On August 30, L.A.’s Black community will be giving retired Black Business Association (BBA) President Skip Cooper his flowers for five decades of service in the African American business community.

Cooper who was named president of the BBA in 1976—a title he held until he announced his retirement in January—has been at the forefront of advocacy in the Black business community since, establishing training, networking, and procurement partnerships with some of the largest corporations and government agencies in America, including the U.S. Small Business Administration and Southern California Edison.

“He’s all about promoting Black businesses”, said Tarrance Frierson, head of SCE Supplier Diversity and Development. He’s never missed an opportunity to make sure people know that Black businesses exist, that they are quality businesses, and that they make significant contributions throughout California and the nation.”

GLAAACC founder Gene Hale characterized Cooper as “an invaluable asset to the community.”

Cooper’s mission was prompted by a promise he made to God during his service in Vietnam.

“I promised God that if I made it back home, I’d make a difference.”

The Oakland native who’d been impressed by business since he had a paper route as a boy knew exactly how.

“My commitment was to Black business and Black folks,” said Cooper. “I told God I wanted to be an expert in that because that was in my DNA. I knew I was going to be a force.

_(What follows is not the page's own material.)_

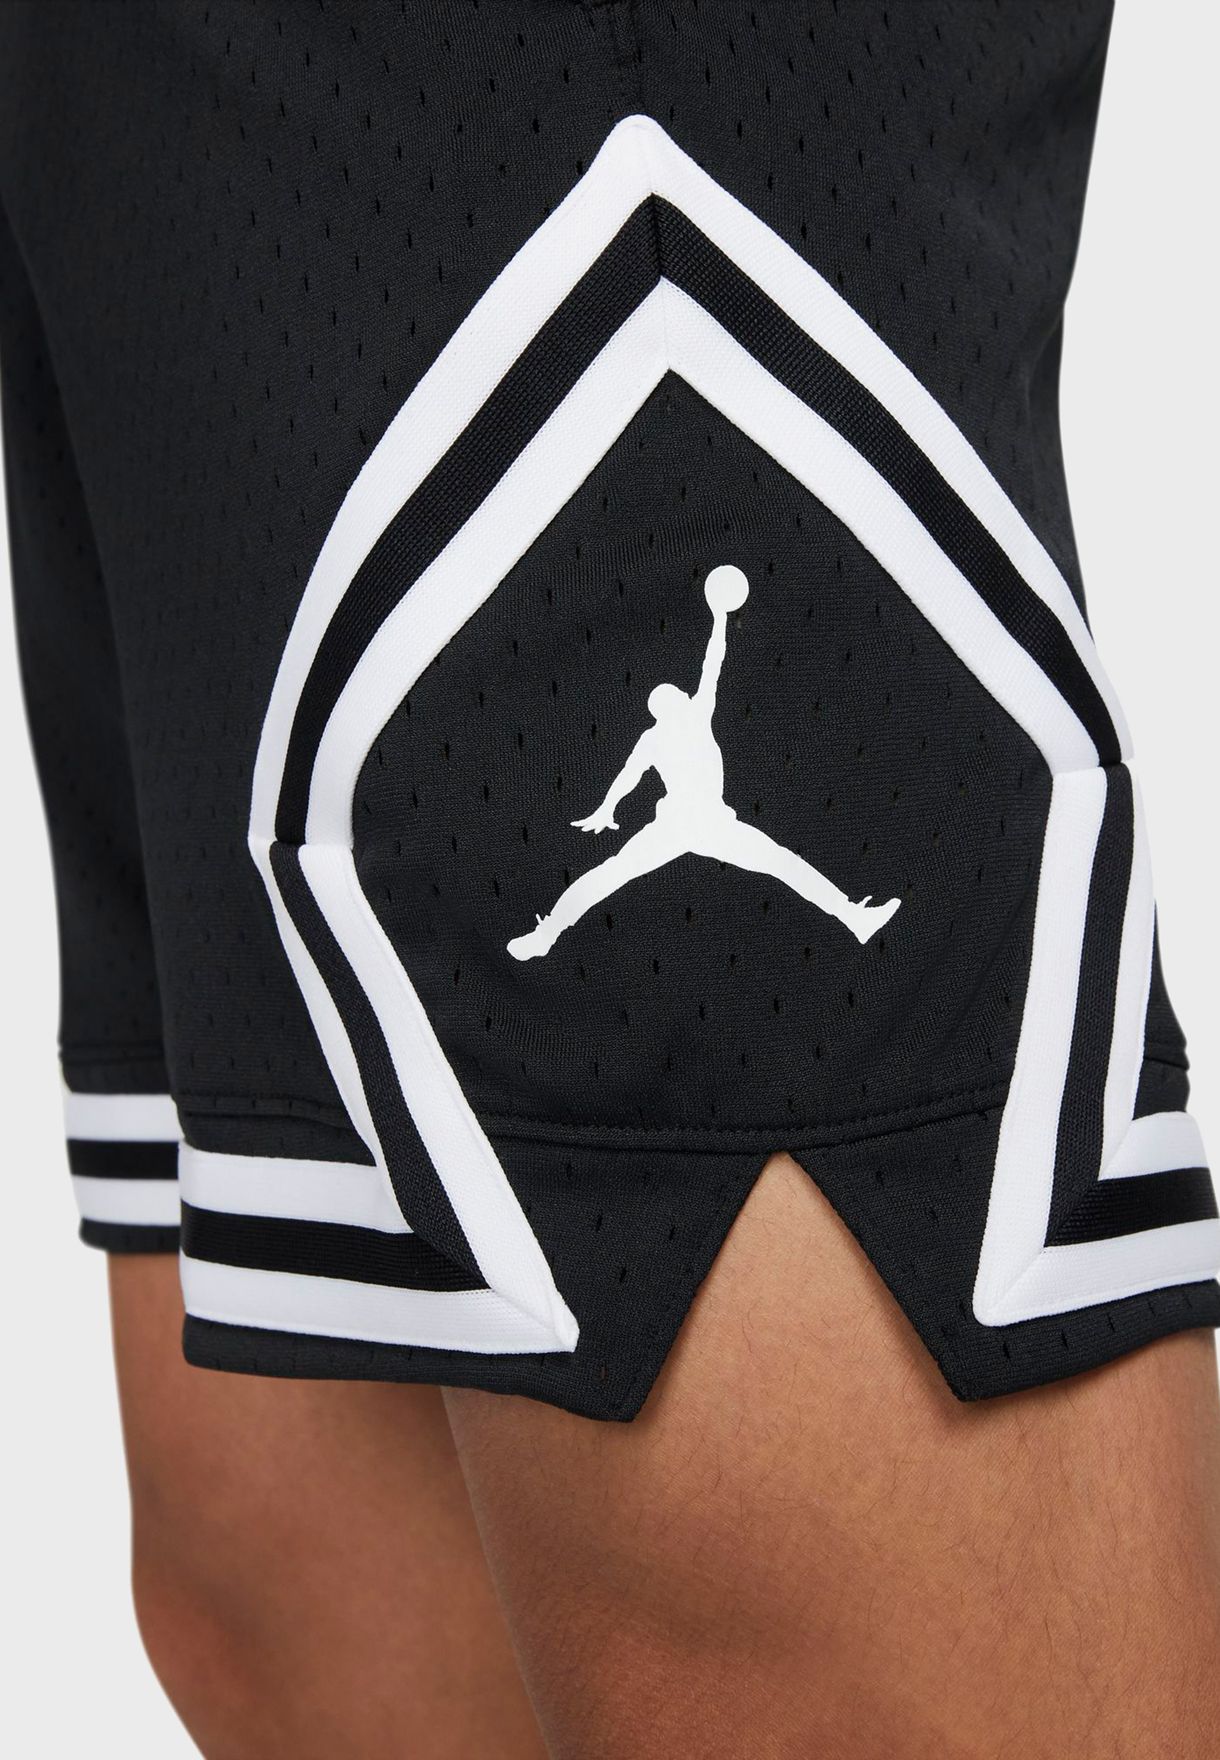 Jordan Diamond Shorts

Founded in 1970, the association is the oldest, active, ethnic business support organization in California. Headquartered in Los Angeles, the non-profit has been committed to ensuring that Black and other diverse business owners benefit from advocacy efforts to impact and implement policy, that improves access to contracting and procurement opportunities with the public and private sector, in addition to providing access to financial resources.

Activities also include annual salutes to Black history, Black women and Black music, as well as its twice-annual veterans’ procurement conference. There are also plans to launch its first e-commerce venture: a Black business-shopping guide.

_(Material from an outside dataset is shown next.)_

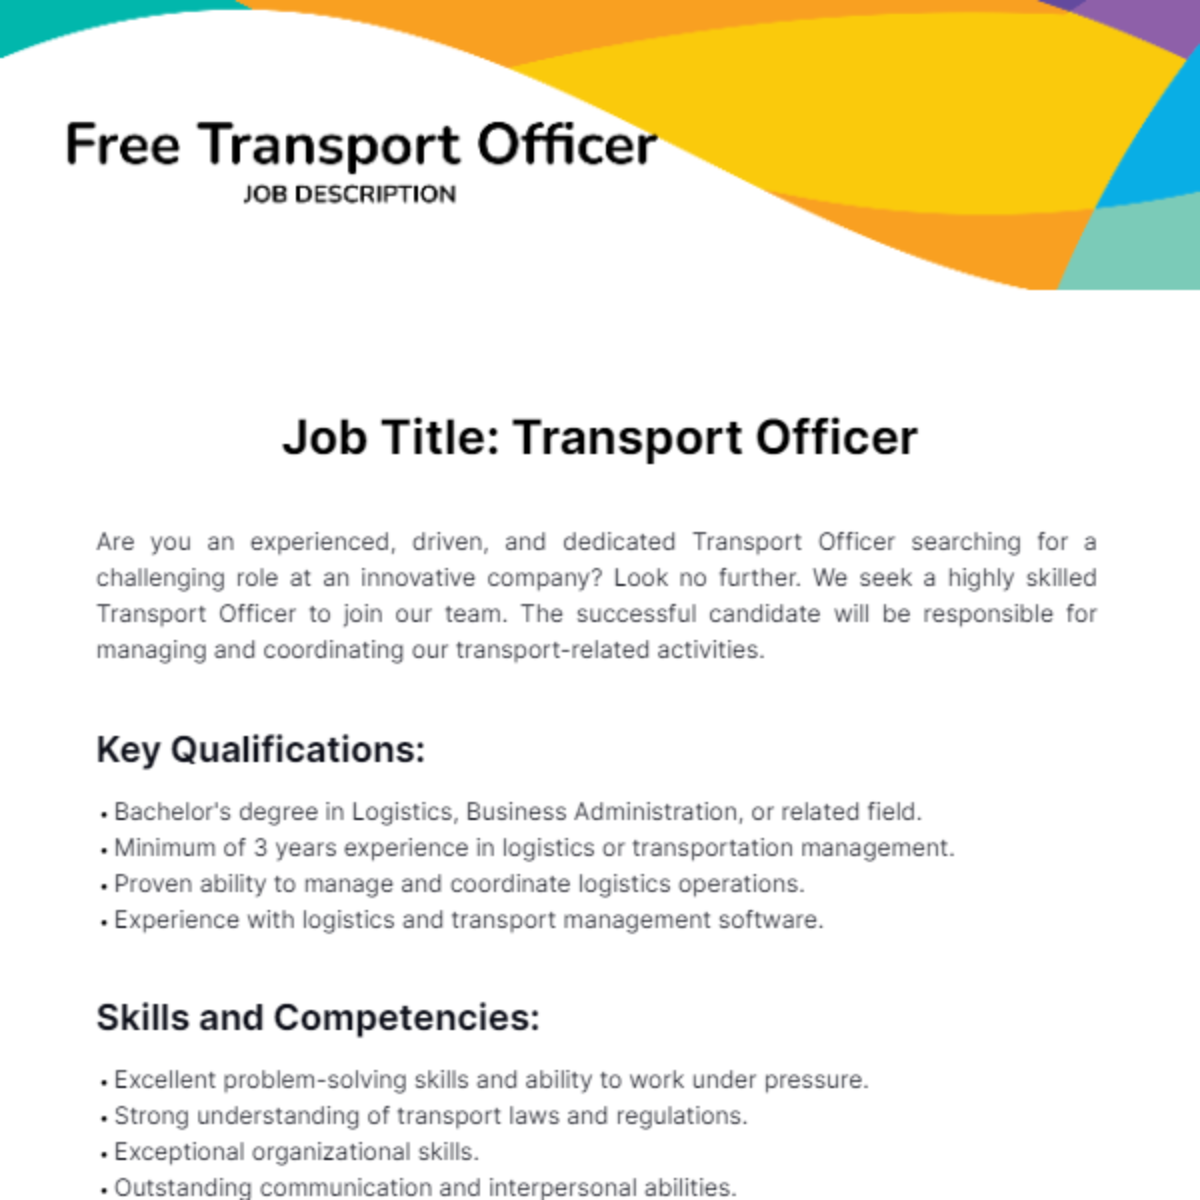 Free Transport Officer Job Description Template

Said Cooper, “It is and always will be a true commitment and my special purpose in life of serving African Americans and business owners, in addition to others. My legacy is that I was always committed to helping folks.”

Among those set to celebrate Cooper later this month are L.A. Sentinel Publisher Danny Bakewell, Sr. and GLAAACC President Gene Hale and current BBA President Sarah R. Harris, who took over at the helm of the group in January.